"The real storm came next day, and I had to cling to the bars of the cage with both hands to save myself from being flung from side to side and broken against the iron. There were periods, I think, when I fainted from exhaustion, emerging incredibly bruised, and instantly in the grip of the sickness again. The buoy was hurled about, down into the grey valleys between the waves, drenched over and over with masses of water, as though some giant were flinging down enormous pailfuls; indeed, it remains a mystery to me why I wasn't drowned. No doubt I would have been if the light platform hadn't floated like a cork. The bell was ringing wildly all the time. Every time I went down with the buoy I saw the sky tilting impossibly over my head, and the wave curling up above me before it smashed and fell, burying me beneath it."

He became silent, and sat for a long while heavily brooding to himself. Once or twice he closed his eyes, as though his thoughts were causing him intolerable pain. I knew that he was living again through all that racket and nightmare. I didn't say anything; the thunder of the storm roared too loudly in my head for me to upraise my small voice against it, or to offer my tiny sympathy to that man whose endurance had been measured against the elements, and whose standard must be for ever after raised to the summit of their standard.

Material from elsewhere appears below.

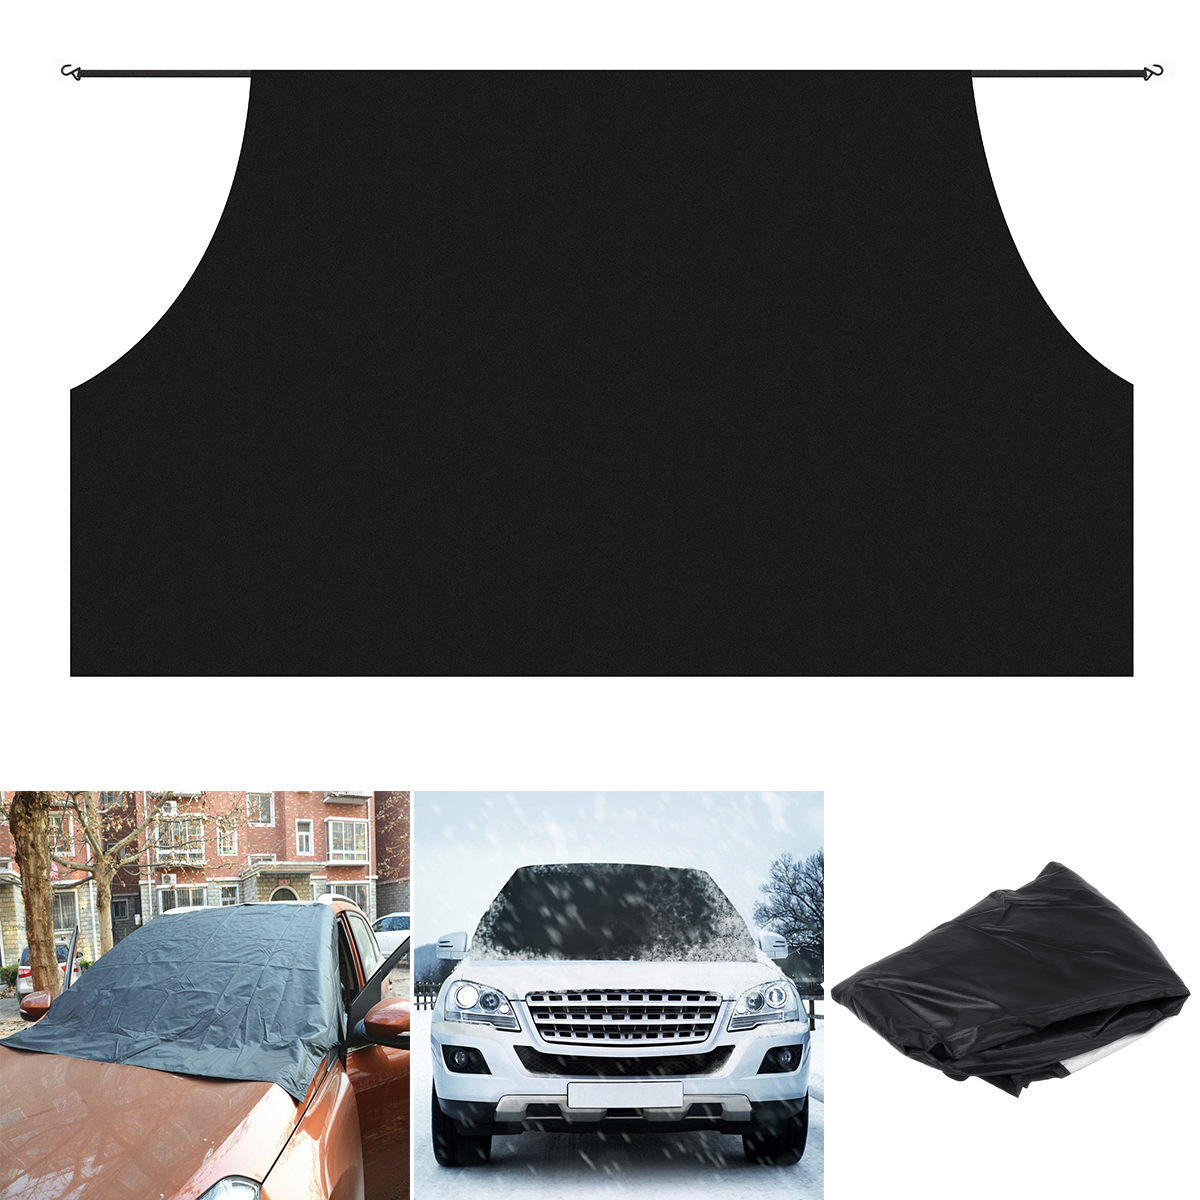 Magnet Windshield Snow Cover Ice Protector Winter Summer Sun Shade for Car Truck
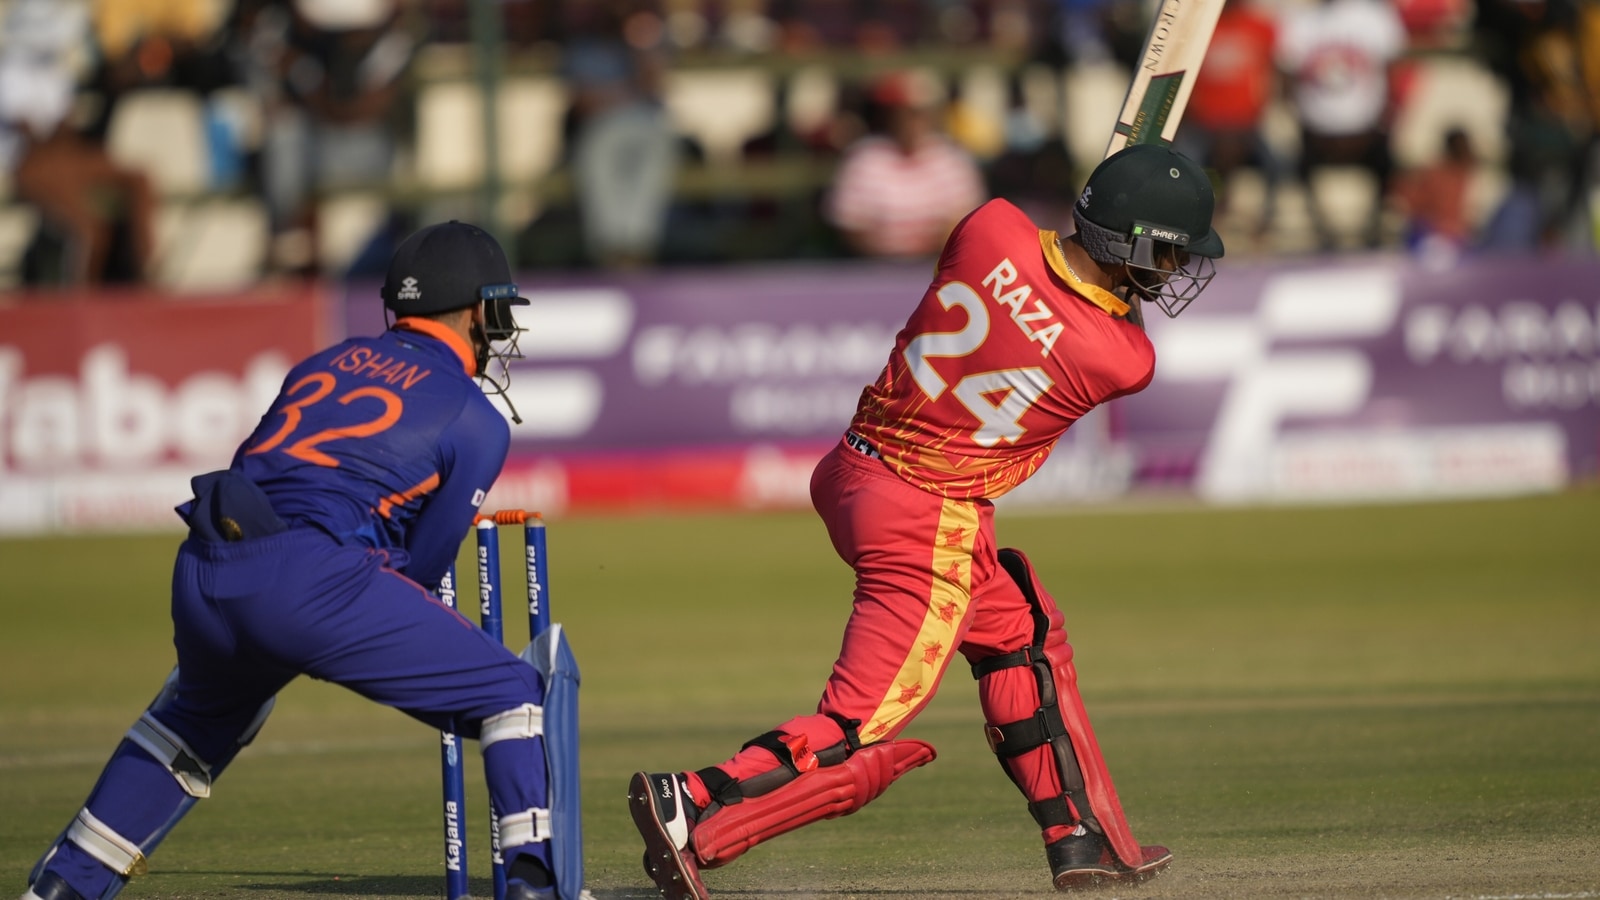 india-vs-zimbabwe-3rd-odi-highlights-ind-win-thriller-by-13-runs-after-raza-century-takes-zim-close-to-shock-victory

He let fall one or two phrases that seemed to open a rift down into the mirk of his experience, so that I thought I looked for a moment into the very night that he described:

"I had simply given up hope. I was so weak, you understand. By the time that night came I was just letting myself be thrown about, anyhow, quite limp, my head rolling and my arms flacking; I must have looked like a man in a fit. Whenever I opened my eyes I saw the moon between the clouds rushing furiously down the sky, and rushing back the other way as another wave took me up again on its crest. The light of the moon was just sufficient to light up the rough and tumble of the inky hills of water. I remember thinking quite stupidly to myself that the moon was a dead world, and that I envied her for being dead. All this happened to me," he said, frowning across the table with sudden intentness, "the week before last."

This mention of human time brought me back with a shock from the fantastic world to which he had transported me.

"Hallo!" I said, starting as one awakened, and making in my confusion a ridiculous remark, "it must be getting very late."

Only the ceiling light burnt in the little restaurant, which but for ourselves was deserted. The stranger leant over towards me, and a shiver passed over me at the nearness of this man whom I did not know, and to whose extraordinary experience I had, so to speak, by my own doing, been made a party. I wanted to put an end to it now, I wanted to say, "Yes, I have been very much interested. Thank you very much for telling me," and then to get up and go away. But at my first movement he detained me.

"Listen a little longer. I'm not mad, you know, and you needn't be afraid that I shall ever bother you afterwards. You don't know what good this has done me. I've been alone with this thing for a fortnight, nearly, thinking about it. The storm.... It lasted for two days; that made four days since I had been on the buoy. I think another day of storm would have killed me, There wasn't much life left in me by the time the sea began to go down. Two days of storm...."

His voice trailed away. I think he felt, as I did, that the moment was over when he had really held all my attention and all my imagination. It was no good trying to revive it. I was tired, as though I had lived through some brief but violent mental stress.

"Two days of storm," he muttered vaguely.